-
Notifications
You must be signed in to change notification settings - Fork 28
Description
https://github.com/scrapinghub/scrapy-poet/blob/master/scrapy_poet/page_input_providers.py#L165-L180
Currently, the HttpResponseProvider creates a new HttpResponse instance each time it's called:
class HttpResponseProvider(PageObjectInputProvider, CacheDataProviderMixin):
"""This class provides ``web_poet.page_inputs.HttpResponse`` instances."""
provided_classes = {HttpResponse}
name = "response_data"
def __call__(self, to_provide: Set[Callable], response: Response):
"""Builds a ``HttpResponse`` instance using a Scrapy ``Response``"""
return [
HttpResponse(
url=response.url,
body=response.body,
status=response.status,
headers=HttpResponseHeaders.from_bytes_dict(response.headers),
)
]From another thread:
Suppose the average HTML size for a particular website is 256 KB. Let's also suppose that we have 12 POs that we need to support in our MultiLayoutPage subclass.

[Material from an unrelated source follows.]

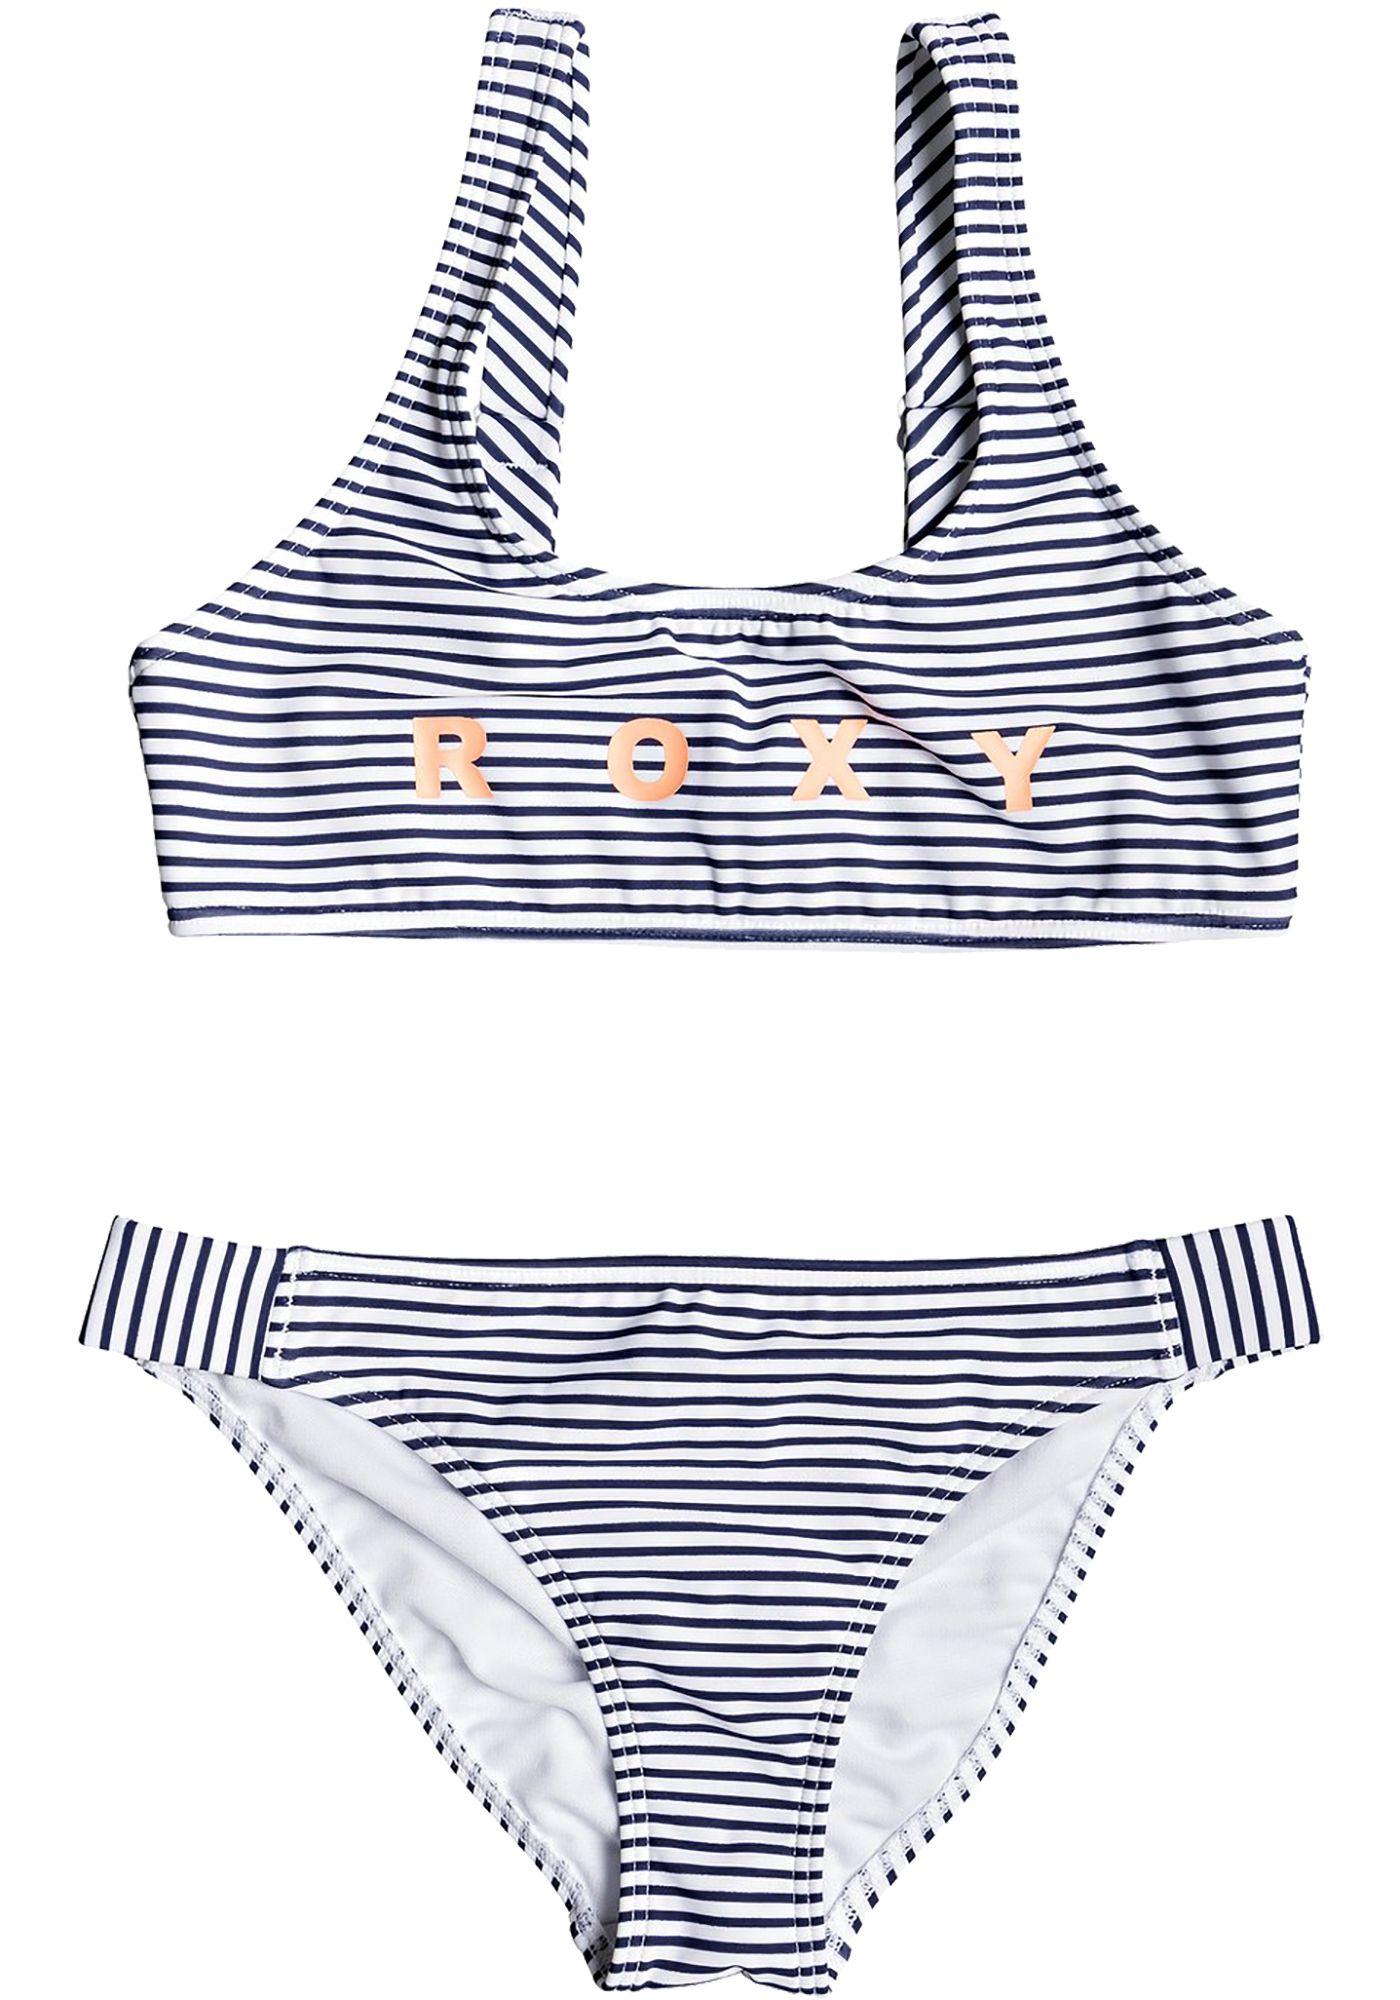 Roxy Girls' Surfing Free Sports Bra Bikini Set
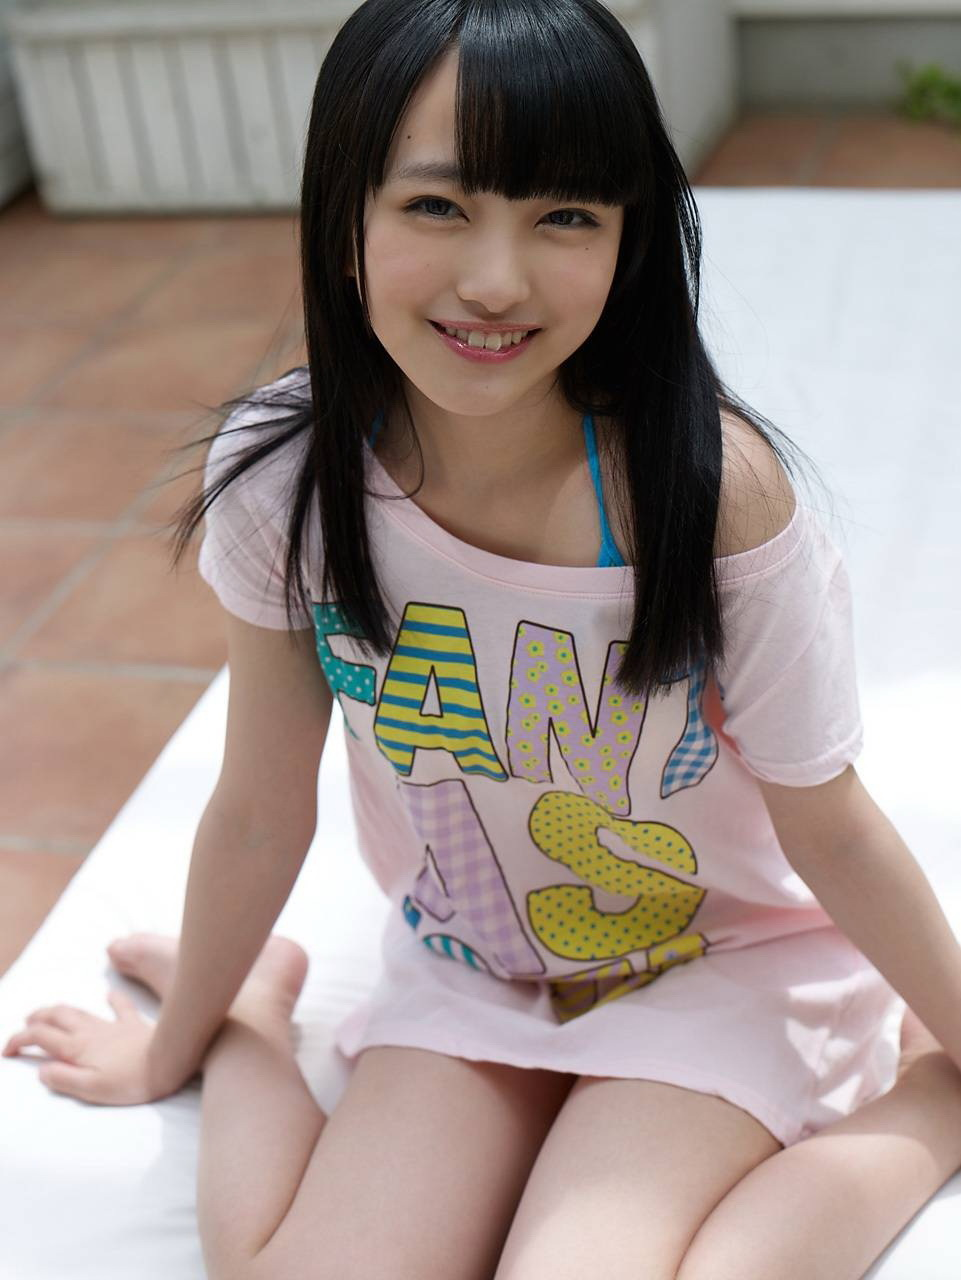 xxx-hot-happy-japanese-teen-simson-nude

This means that for every multi layout PO instance, it holds at least 256 KB * 12 = 3 MB in memory. Assuming that we're parsing at a rate of 10 pages per second, then we're holding at least 3 MB * 10 pages = 30 MB of memory per second.
It's not a crucial issue for now but it can certainly be made more efficient by having the provider return the same HttpResponse instance given a response identifier. HttpResponseProvider already inherits from CacheDataProviderMixin. Perhaps we can use an in-memory cache to determine if we can return the same instance instead of creating a new one.